Les idées avancent pour la sortie du Grand débat mais un paradoxe apparaît de plus en plus clairement : on voit les dépenses nouvelles qui se profilent et les envies de baisses d'impôt, en revanche des économies sur les dépenses publiques ne sont évoquées par personne.

Politiquement, ce qui avance, c’est d’abord l’idée qu’il n’y aura pas un grand soir du grand débat. Mi-fin avril, Emmanuel Macron et Edouard Philippe ne présenteront pas cinquante mesures et réformes. Il y en aura un peu, mais il y aura aussi des groupes de travail sur des chantiers qui prendront du temps et des rendez-vous dans le budget 2020. 

Concrètement ce qui avance, c’est l’idée du retour d’une vraie revalorisation des petites retraites.
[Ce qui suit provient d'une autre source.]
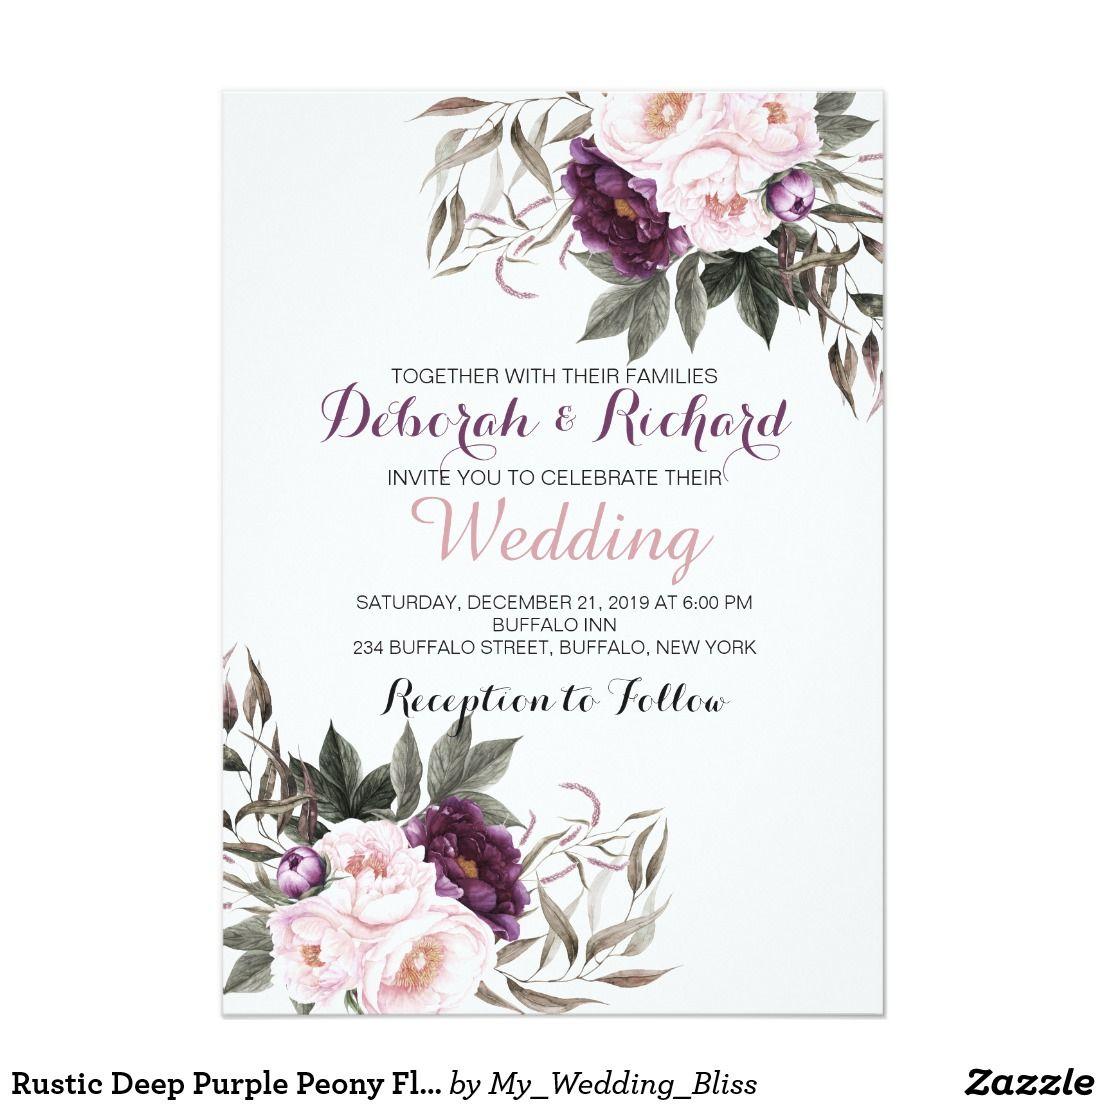 Purple Rustic Wedding Invitations: Rustic Deep Purple Peony Floral Wedding Card

Selon des informations des Echos, le gouvernement réfléchit activement à un geste pour les retraités en 2020. Au lieu d’être limitée à 0,3%, la revalorisation suivrait l’inflation, soit autour de 1,3% jusqu’à 1.200 euros par mois – pour sept millions de retraités. Entre 1.200 et 2.000 euros, ce pourrait être la moitié. Ce serait justifié et j'ajoute même au-delà de 2.000 euros parce que, autant le relèvement de la CSG est logique (l’égalité devant l’impôt entre actifs et inactifs), autant la perte de pouvoir d’achat, quand les pensions ne suivent pas l’inflation, est de la spoliation pure et simple, une rupture d'un contrat de confiance. 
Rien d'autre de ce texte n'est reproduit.